Saturday, October 8, 2016

Counter-attack onto the German plains.

The counter offensive had been a week or two coming. NATO forces had weathered the storm of the initial Soviet assaults and everyone had held their breath as hands had hovered near firing buttons that might have forever changed the world.

However ground forces had held, and now British forces had the opportunity to take back ground from the Soviet aggressors.

Andrew, Keith and I had got together for our first Modern Spearhead game for - well, we were almost too embarrassed to be too precise but it had certainly been some time.

The game was constructed using Keith's scenario generation system, and die rolls had placed me in the rare position of putting in a deliberate attack against a Soviet defence.

My attack list had the usual two mechanised infantry battalions and one tank regiment, with the tank regiment and one of the infantry battalions cross attaching to provide combined arms maneuver units.

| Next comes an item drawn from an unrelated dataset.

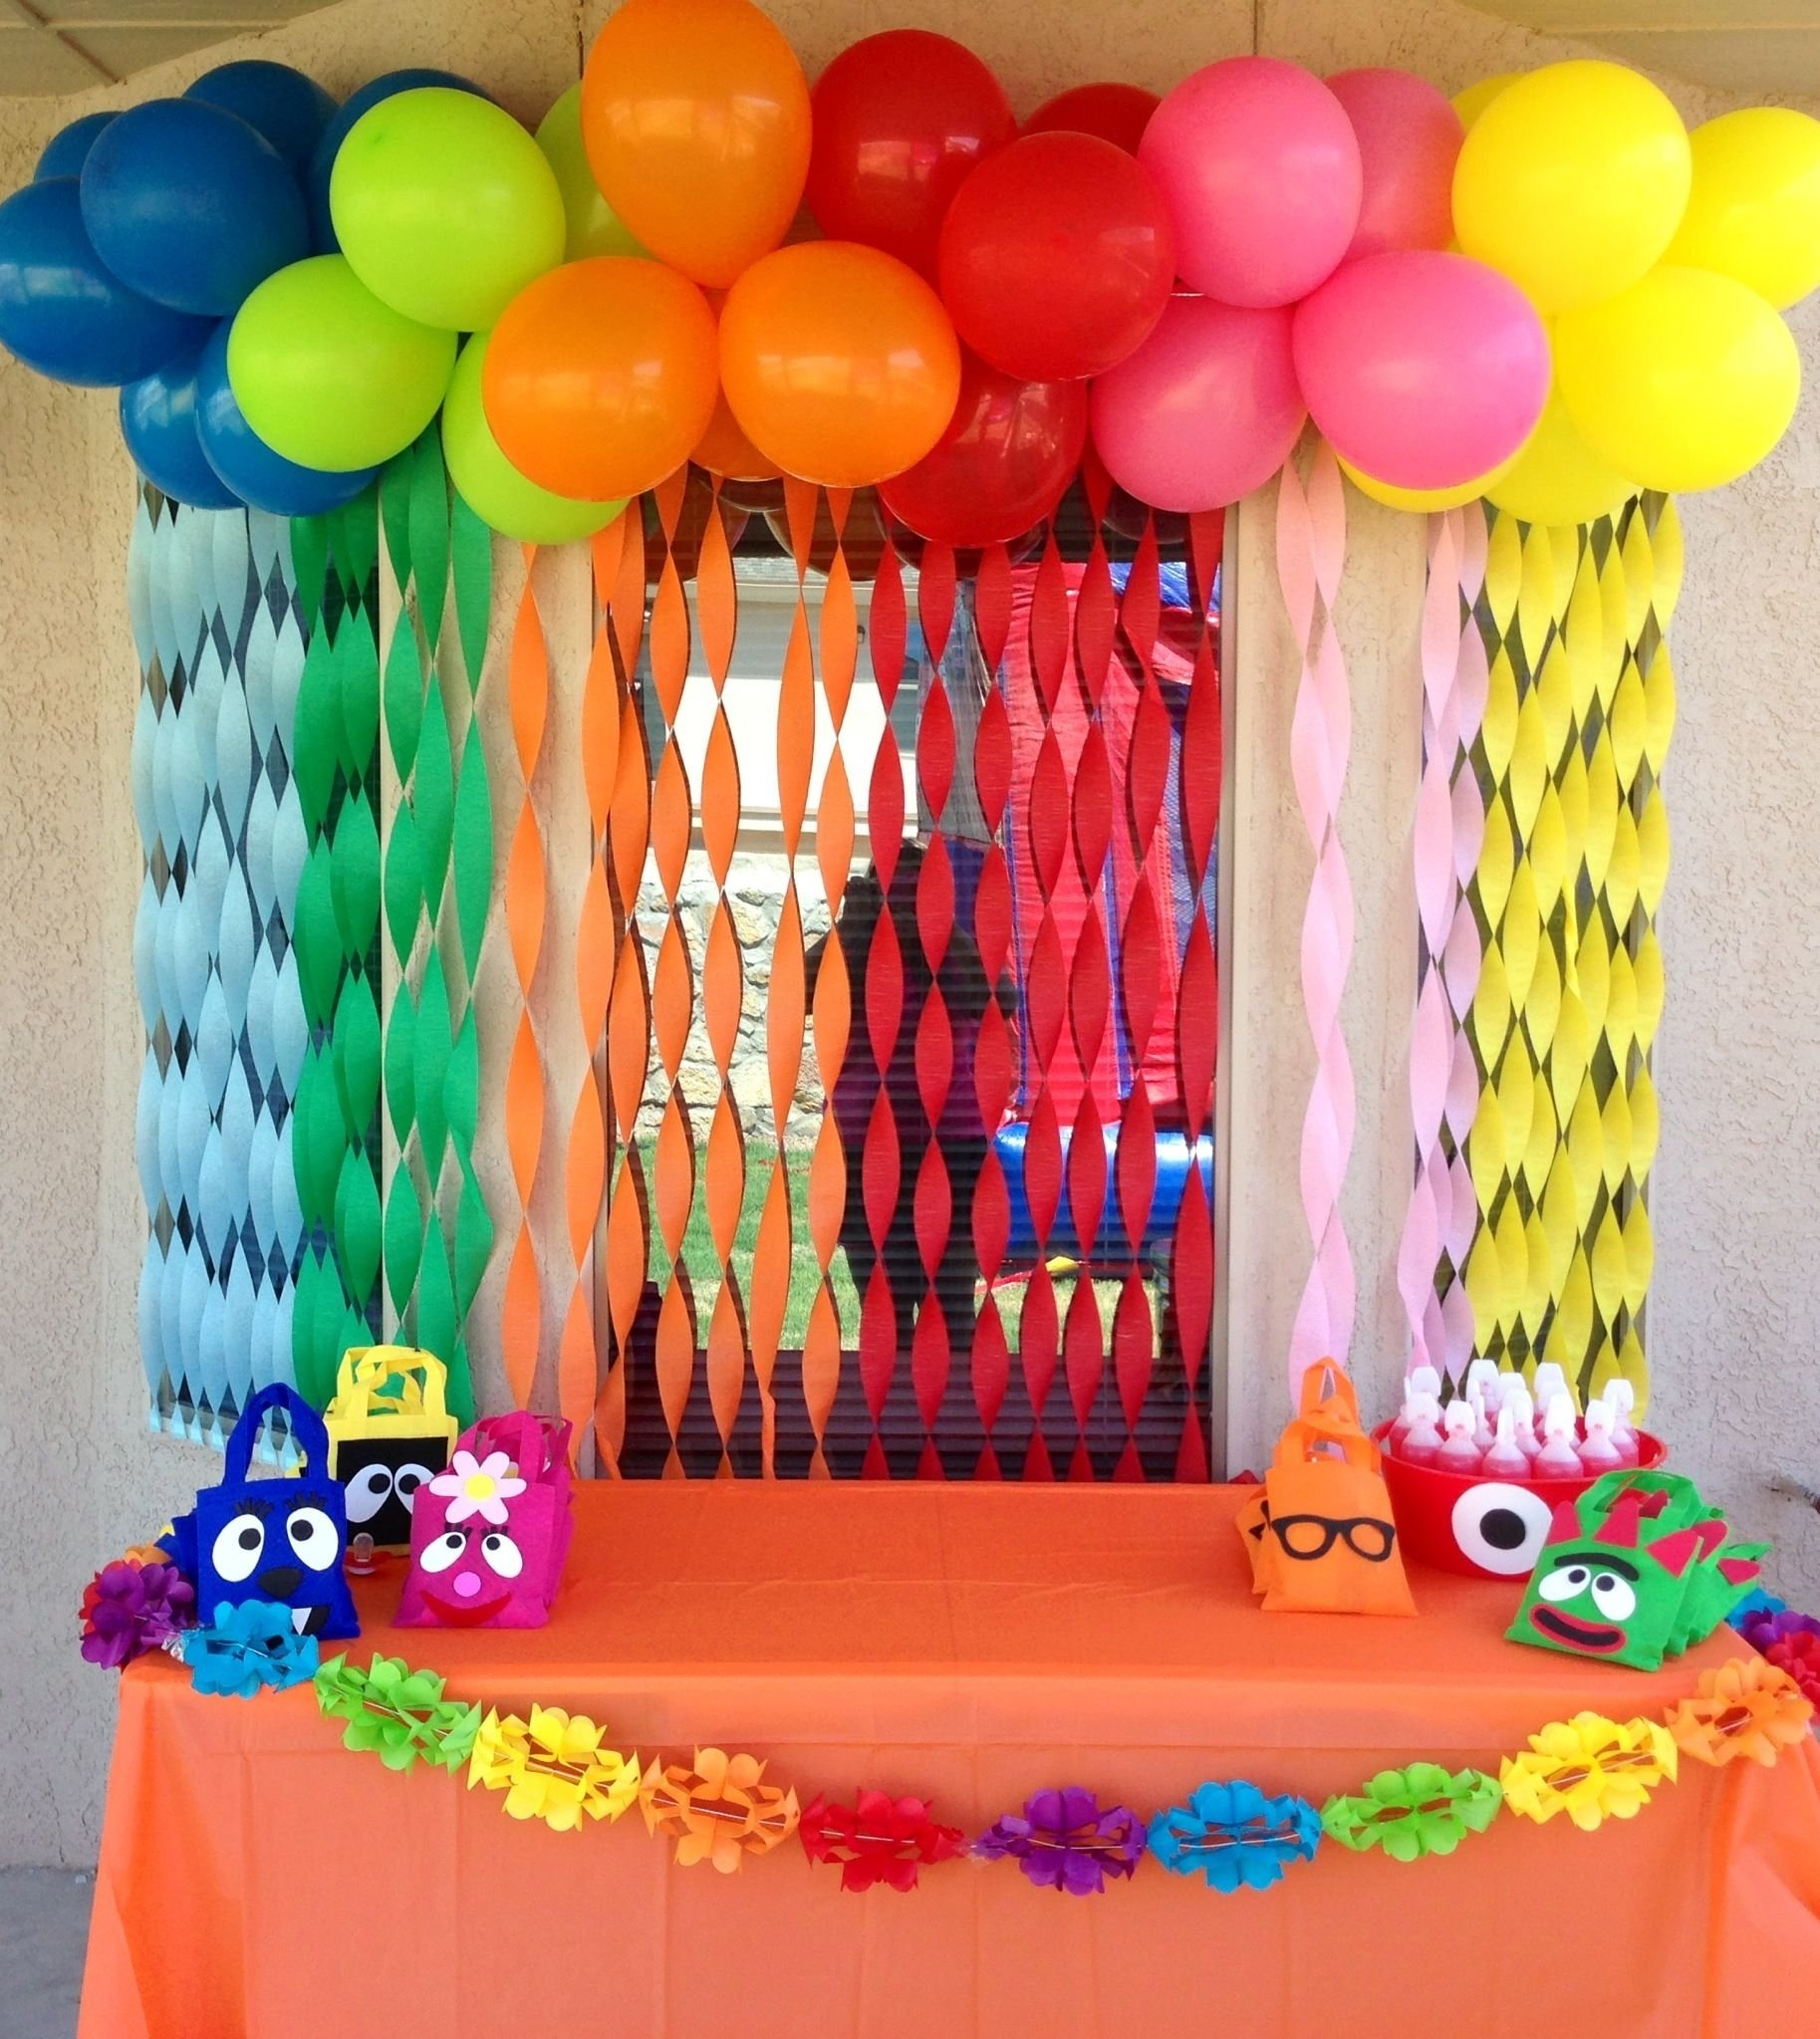 10 Spectacular Decoration Ideas For Birthday Party yo gabba gabba birthday party birthdays pinterest yo gabba 3 2020
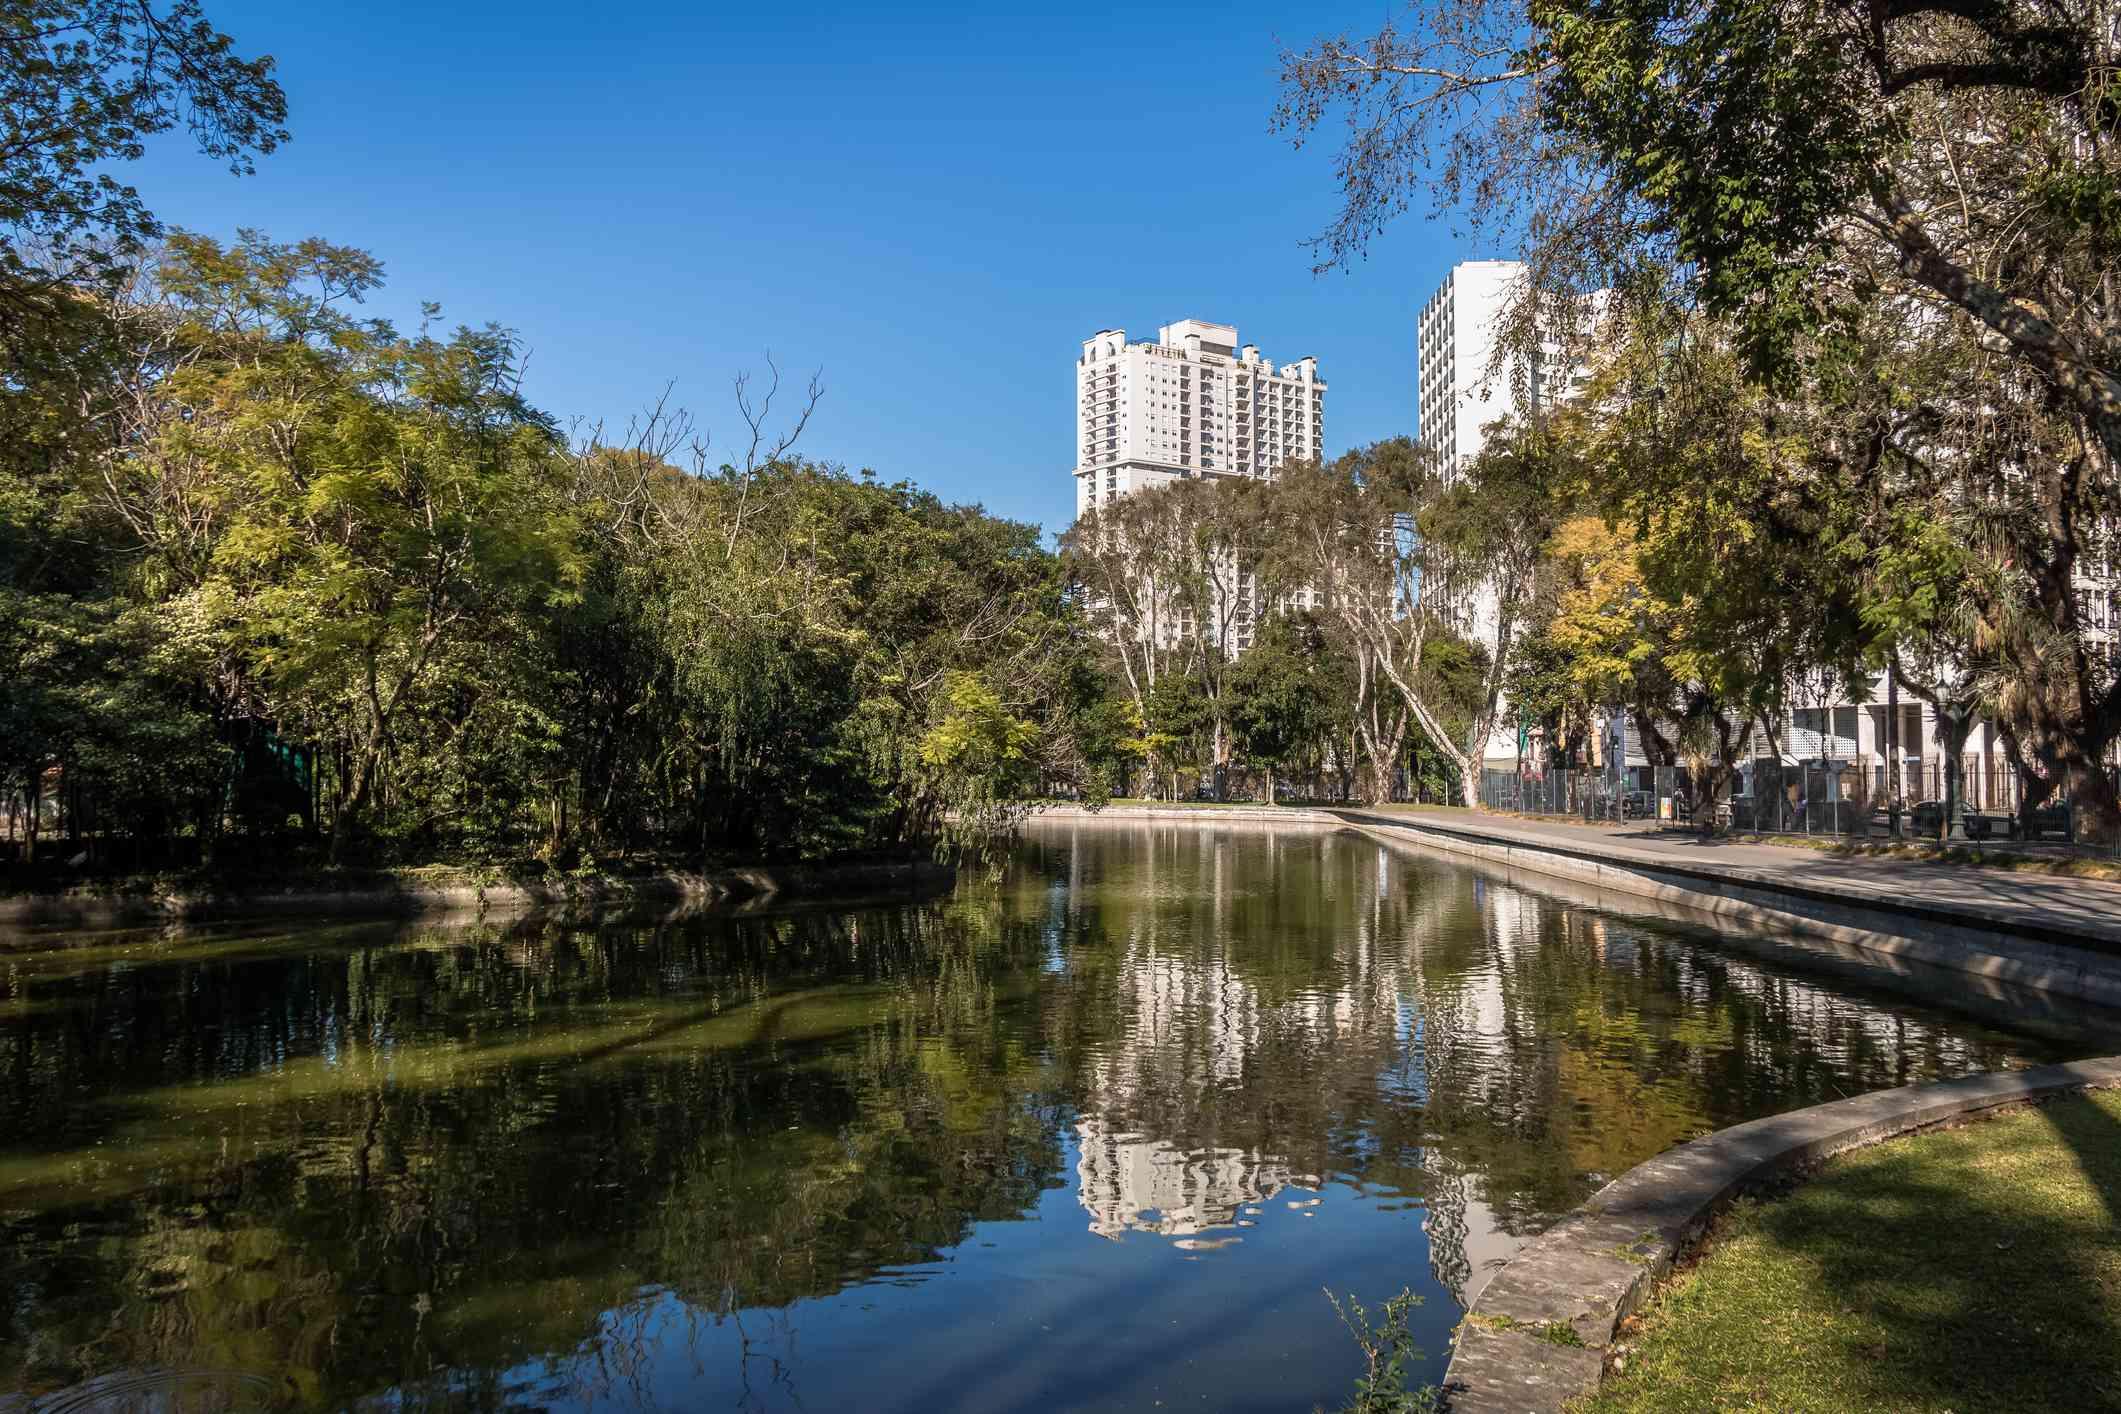 Parque Passeio Publico - Curitiba, Paraná, Brasil

The tracks and boots on the ground were well supported with a Lynx helicopter flight, and plentiful artillery, including two M107 battalions tasked with counter battery missions. The RAF had promised plentiful support from its harrier squadrons, with an AGC embedded with the ground troops.

I opted for a left flank attack, keeping one mechanised infantry battalion in reserve behind my centre. Division had made it clear that the small towns in the area were to be taken at all costs in order to unhinge the Soviet defence. The Lynx flight was to arrive as the attack progressed, with a pre-planned waypoint ahead of the attacking armour in order to support the armoured push around the Soviet right flank.

The battlefield, with the BAOR attacking from the left.

The two attacking battalions, the tank heavy battalion on the left.

Soviet defenders had occupied the high ground and sat waiting - here

 - and here



British electronic counter measures immediately located soviet AA assets, first a Sa-2 battery well back behind Soviet lines, well out of reach of the supporting M107s.

The British advance began but quickly came under heavy fire from a battalion of Soviet 152 mm howitzers. Two Mechanised infantry platoons were immediately put out of action. However British counter battery assets were quickly on the job, locating the Soviet guns. With a devastating barrage the Soviet battalion was destroyed.

The British strategy of taking control of the battlefield progressed, with ECM locating the first of the Soviet on-table AA assets. The M107s were quickly on the job eliminating the AA platoon.

As the British armour advanced the Lynx flight arrived at its preplanned waypoint and found soviet armour waiting on high ground. 

Pressure was mounting on the Soviet right, and commanders committed their reserve, a T62 battalion.



First T62 falls victim to the Lynx crews

The right hand British attacking battalion advanced on its objective.



Pressure lead the soviet commander to withdraw it's right flank defending battalion, preferring to leave the job to the advancing T62s

Advancing Soviet armour

The British battalion assaulted its objective but was repulsed with losses. Meanwhile the Lynx flight shifted across its waypoint to support the right against defending armour. The battalion itself pulled back to regroup after its failure to take its objective.




More losses inflicted on Soviet armour


The Soviet commander now changed orders to redirect its left flank battalion to counter attack the British right.

The Soviet left flank battalion pushing at full speed towards the British right.

The British Chieftains on the heights began to engage the advancing T62s with effective AT fire.


The threat to the British right grows.
 The counter battery war continues, with additional Soviet in table AA assets neutralised, and supporting artillery forced to move, reducing their ability to support the defending troops.

The Chieftains cause sufficient casualties to force a morale check on the Soviet tank battalion. It passes!!!


The Soviet left is hanging on by the thinnest of threads. The British right flank battalion alerts its attached AGC who contacts the airbase to call in the first of three Harrier strikes, and the reserve battalion prepares to advance in attack against the flank and rear of the soviet counter attack.

At this stage we ran out of time. The Soviets still commanded the objectives, but their line had reached breaking point. British air assets were intact, the Soviet air defence had been seriously degraded, and their artillery all but silenced. Their on table armour had taken serious losses.

As I said this was our first MSH game in several years. It reminded us of how good the games are. I harp on about the fantastic challenge and satisfaction I find from the 'multi -layering' of weapons systems that the games system presents. It is the challenge of putting together a plan, coordinating those weapons systems, and fighting a clever opponent, that make this such a satisfying game system.

2 comments:

  1. "The Soviet left hung on by the thinnest of threads". The Soviet left was advancing and had taken no casualties. The Soviet right had halted the advance of two battalions, retained cohesion while capitalist forces were reaping back having lost much of their infantry support.